Hallux rigidus is a fairly common, and usually painful, condition of the foot. The great toe joint (first metatarsal-phalangeal joint) is subjected to a great deal of stress with the thousands of steps we take each day. Its no wonder that it often presents as the first joint with bothersome osteoarthritis. This is a mechanical “wear & tear” type of arthritis. It does not “spread” to other joints. Some foot types (e.g. flatfoot) are more prone to this disorder than others.
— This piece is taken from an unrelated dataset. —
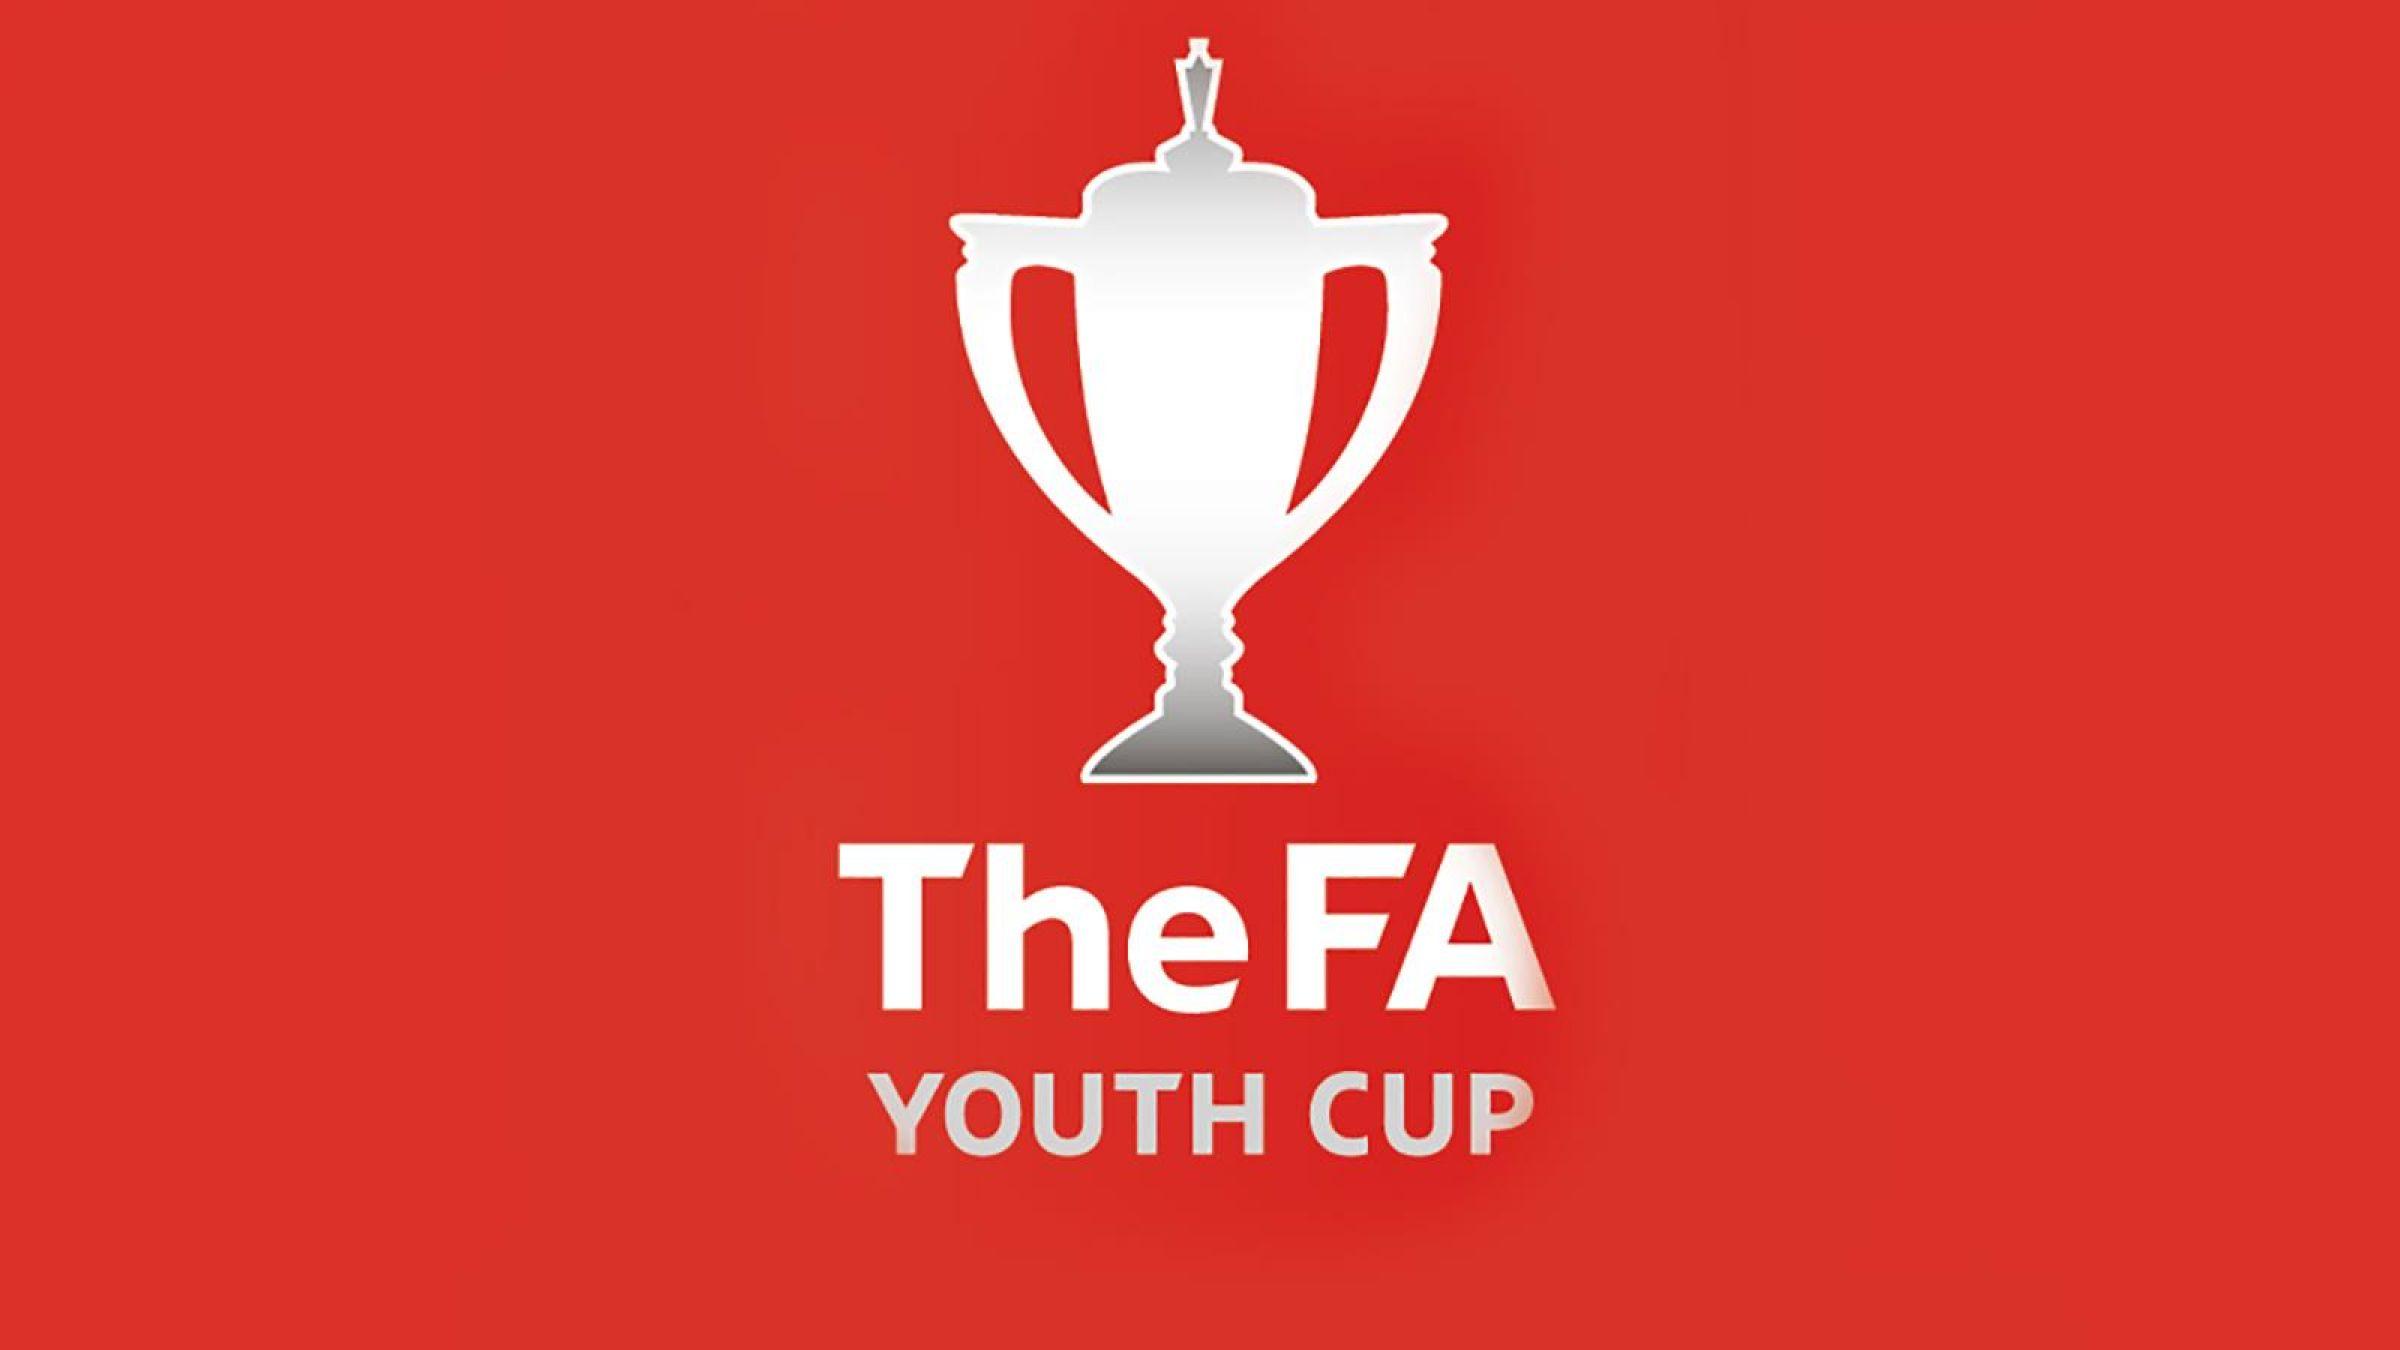 fa-youth-cup-logo-169543-3466159_1600x900

As the arthritis progresses, the formation of bone spurs (marginal osteophytes) around the joint increasingly restricts motion and causes inflammation and pain of the surrounding soft tissues. The problem usually starts with motion already restricted because of abnormal structure or function. We call this condition hallux limitus, when motion is severely restricted or absent, we call it hallux rigidus. When there is extensive spurring around the joint a hard bony mass may be present along the top margin of the great toe joint. This is referred to as a dorsal bunion. It should not be confused with the bunion deformity termed hallux valgus. It is not uncommon for hallux valgus and hallux limitus/ rigidus to affect the same joint at the same time.

The treatment of hallux limitus/ rigidus depends of the severity of the arthritic changes, the degree of pain or functional impairment, the age and health status of the patient, lifestyle considerations, the success or failure of previous therapies, and the personal preferences of the patient. Conservative therapies include selecting proper foot-wear and wearing functional foot orthotics to correct faulty biomechanics. In some cases surgery is the best option to improve joint function and relieve the pain. The podiatric surgeon has the choice of many procedures. Choosing the right procedure is as important as performing it skillfully.

Complications of surgery are not common, but include infection of soft tissue and/or bone, slow healing of skin or bone, irritation from fixation pins or screws, nerve entrapment, reaction to the foreign material (suture material, pins, screws, or implants), excessive swelling, excessive scarring, excessive stiffness , and recurrence of the problem. Occasionally, other parts of the foot may become painful as a result of altered structure and function. Rarely, some complications may require a second surgery to correct the problem. While these complications are rare, they should be weighed against the difficulty that you are experiencing to determine whether surgery is an acceptable risk for your condition. This is an important part of the process.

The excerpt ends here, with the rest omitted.